How I Learned to Stop Worrying and Love My Exome

In the spring of 2012, 23andMe offered customers the opportunity to participate in a pilot program to have their exome sequenced. The exome is the minor fraction – around 2% – of the human genome that encodes proteins. Exome sequencing is a transitional technology that has an excellent chance of finding variants responsible for inherited conditions at a significantly lower cost than whole-genome sequencing. As the cost of whole-genome sequencing falls, exome sequencing will probably disappear, but in the spring of 2012, it looked like an interesting offer.

In exome sequencing, the protein-coding portions of the human genome are selected through hybridization to an array of synthetic oligonucleotides representing all known exons, then sequenced using next-gen sequencing. 23andMe offered customers raw data without any interpretation. We were cautioned not to expect any user-friendly guides like the ones provided for SNP surveys. The price for this limited-time offer was $1,000.

My prior experience with having my genome analyzed had been outstanding. I found out about a medically actionable condition (predisposition to hemochromatosis), learned about my Neandertal ancestry, and gained a wealth of raw data to check as I read the biomedical literature. My experience helped me to add personal interest to my teaching and public outreach activity. I wasn’t sure that I had the skills to analyze the raw data from my exome sequence, but I thought that once I had my exome sequence, I would be highly motivated to learn how to analyze it. I had invested far more than $1,000 in other aspects of my education, and those investments had always paid off. I signed up.

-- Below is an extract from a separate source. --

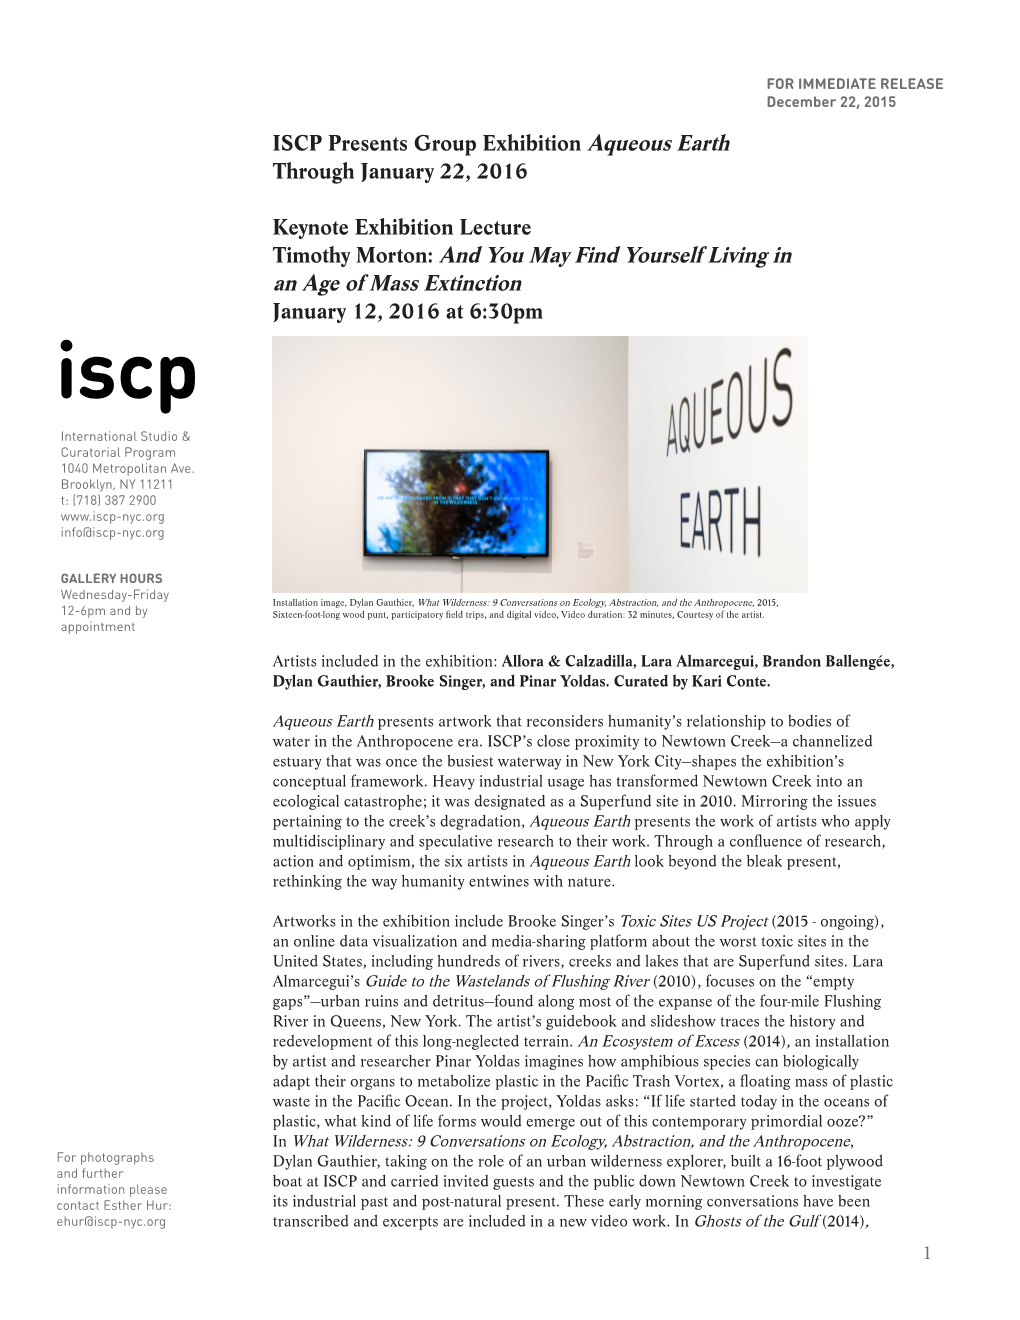 ISCP Presents Group Exhibition Aqueous Earth Through January 22, 2016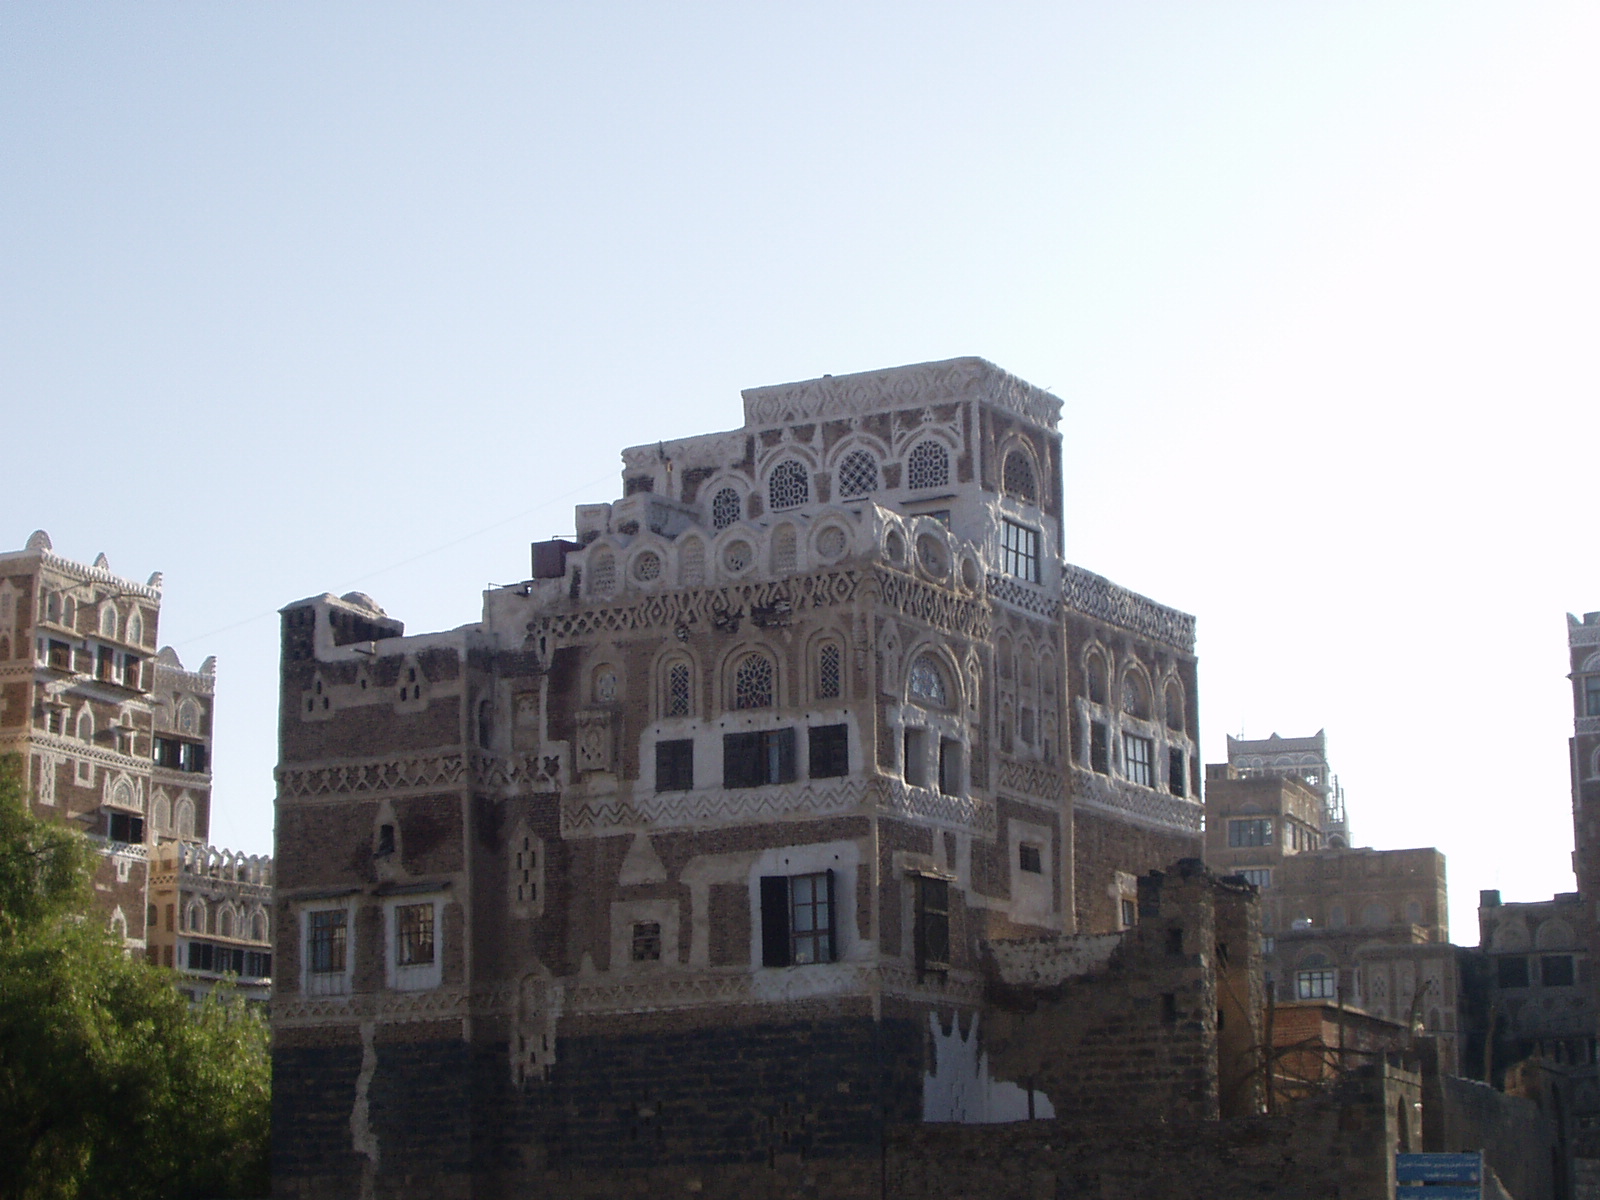 The indescribable beauty of old Sanaa

The sample kit arrived quickly, but it seemed like forever before the results were ready (it was actually only four months). I followed the instructions for the elaborate download process designed to protect my genomic privacy. Despite having been promised no analysis whatsoever, 23andMe provided a limited analysis of the results in an accompanying PDF file. You can download my exome analysis here.

The first figure from the results is shown below.

reads_to_variants

Part A of the figure shows how many bases were called as a result of the exome sequencing. Some of the sequence data fails a quality filter, is duplicate data, or is off target, but after all that, there were nearly 3 billion bases of on-target exome sequence. This gives some idea of the extent to which coverage of my exome is overlapping, because there are 3 billion base pairs in the (haploid) human genome. Taking into account that I carry two genomes, one from each parent, there is about 25x coverage of the 2% of my genome that encodes proteins.

Part B of the figure shows that the vast majority of my exome matches the reference sequence. Almost all of the over 120 million base calls are the same as the reference human genome assembly. The tiny sliver of red on top of the yellow bar represents my variants.

Part C of the figure breaks down my variants into two classes, SNPs and indels. The Single Nucleotide Polymorphisms (SNPs) are like those from my original analysis from 23andMe, but includes all variants discovered in my exome, including any variants not previously described in the analysis of human genomes. The standard analysis of 600,000 SNPs using 23andMe’s SNP chip only detects variants built into the chip; these were all described prior to the design of the chip. My exome sequence includes all variants, including previously unknown or even “private” variants confined to me alone. Indels (insertions or deletions) are sites of variation where parts of my genome differ from the reference assembly by the insertion or deletion of one or more bases.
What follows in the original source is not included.